Essen. . Diplomatie war nie seine Sache. Nun kämpft RWE-Chef Jürgen Großmann mit offenem Visier für die Kernkraft in Deutschland.
Eigentlich ist es eine Rolle, die ihm liegt. Jürgen Großmann ist passionierter Segler. In den Ferien steht der Zwei-Meter-Mann, der sonst den Tanker RWE steuert, am Ruder von Hochseejachten. Dieser Tage allerdings bläst Großmann der Wind bei RWE besonders heftig ins Gesicht. Es läuft nicht gut für den erfolgsverwöhnten Manager. „Die See ist rauer geworden“, räumt Großmann ein, als er in der Essener Grugahalle vor den Aktionären Bilanz zieht. Sogleich folgt ein Satz, mit dem der RWE-Chef seiner Kapitänsrolle gerecht werden will. „Von unserem Kurs bringt uns das aber nicht ab“, sagt er. Aber ob der Konzernchef wirklich mit diesem Sturm gerechnet hätte?
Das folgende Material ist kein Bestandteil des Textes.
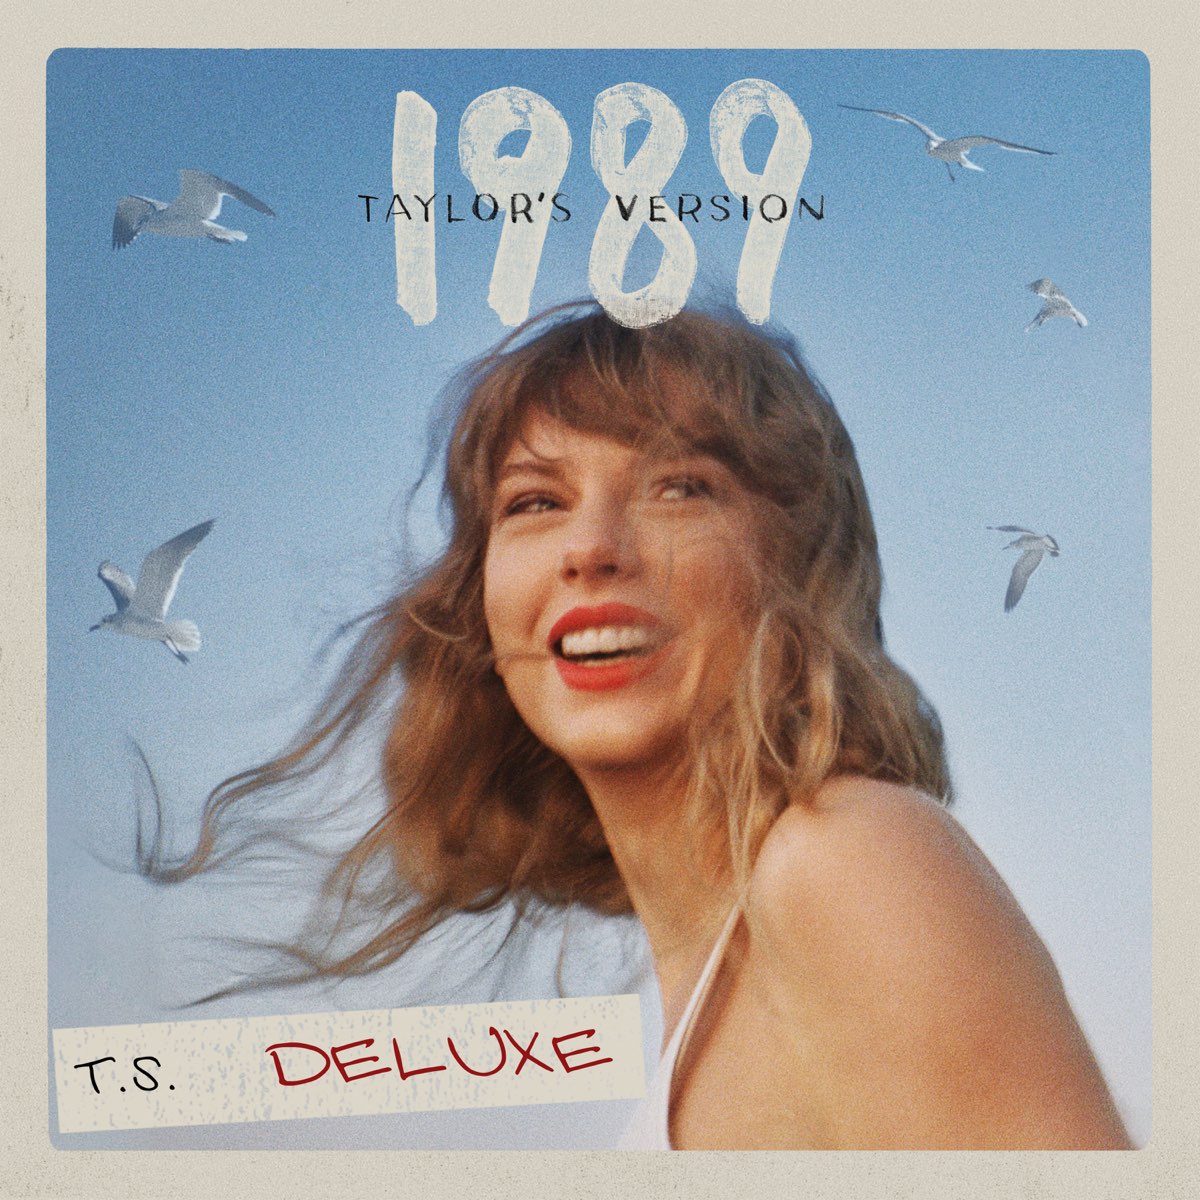 1989 (Taylor's Version) [Deluxe] - テイラー・スウィフトのアルバム 
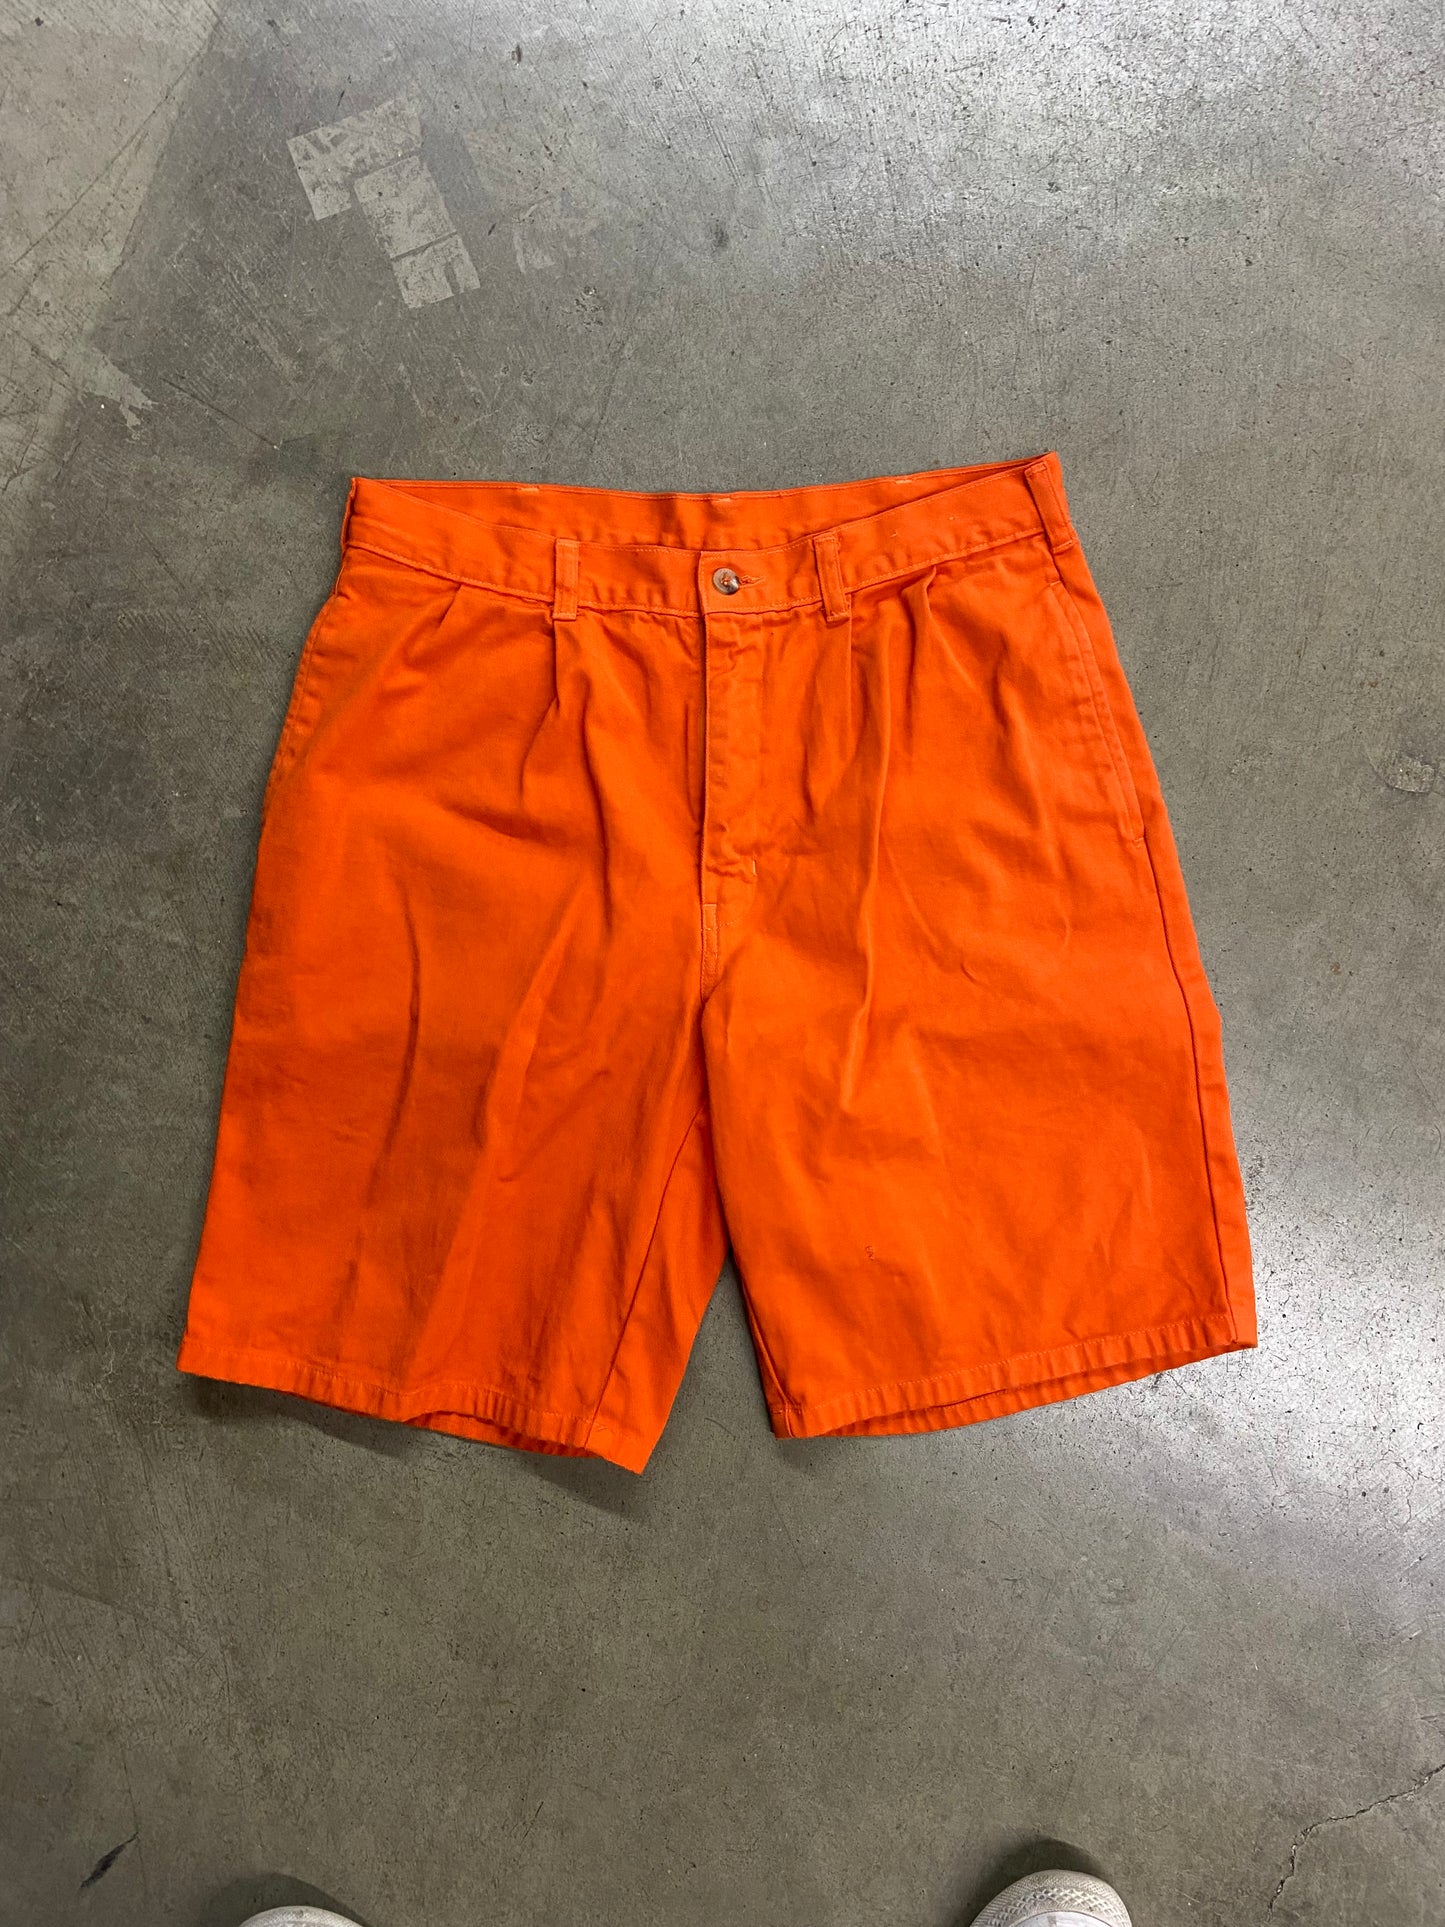 Duck Head Orange Shorts sz 32

Großmann jedenfalls gibt sich als Kämpfer. Er macht sich gar nicht erst die Mühe, ausgleichend zu wirken. Den Demonstranten vor seinem Rednerpult in der Essener Grugahalle, die „Atombosse nach Fukushima“ rufen, entgegnet er: „Wir haben derzeit in Deutschland so viele Energieexperten wie sonst nur Fußball-Bundestrainer.“
Der RWE-Chef ist mittlerweile der Einzelkämpfer der Energiewirtschaft. Ob er sich wohlfühlt in dieser Rolle? Mit seinem Pro-Atom-Kurs hat er viele Akteure in Politik und Wirtschaft gegen sich aufgebracht. Selbst Oberbürgermeister aus Kommunen mit RWE-Beteiligungen kritisieren offen seinen Kurs. Schließlich ist RWE der einzige der vier großen Atomkonzerne, der gegen die Pläne der Bundesregierung klagt. Plötzlich hat Großmann den Ruf, der Cheflobbyist der deutschen Atomwirtschaft zu sein.
Stahlwerk für 2 D-Mark gekauft
Großmann polarisiert. „Ich bin nicht immer sehr diplomatisch. Aus meinem Herzen habe ich nie eine Mördergrube gemacht“, sagte er vor einigen Monaten in einem Interview mit dieser Zeitung.
Durch seine — gelinde gesagt – direkte Art ist Großmann auch zu Reichtum gekommen. 1993 kaufte er für zwei D-Mark die marode Georgsmarienhütte bei Osnabrück. Das Stahlwerk wurde zur Keimzelle für eine florierende Firmengruppe, die auch heute noch Großmann gehört.
Kürzlich meldete sich der Unternehmer über seine Werkszeitung „Glückauf“ zu Wort. „Wir sind derzeit auf Kernenergie angewiesen“, schrieb er. Viele seiner Betriebe – allen voran die Georgsmarienhütte – sind große Energieverbraucher. Auch während der RWE-Hauptversammlung warnt Großmann vor steigenden Strompreisen, die das Aus für Aluminiumwerke in Deutschland bedeuten könnten.
Vertrag läuft noch bis September 2012
Großmanns Vertrag bei RWE läuft noch bis September 2012. Angeblich hört der Manager gerne ein Lied von Rolf Zuckowski. Der Text lautet: „Leben ist mehr als Rackern und Schuften. Leben ist mehr als Kohle und Kies.“
Dass der 59-jährige Großmann dieser Tage häufiger als Dino der Branche bezeichnet wird, lässt ihn kokettieren. „Dinos sind nämlich beliebt. Gerade bei Kindern“, sagt er.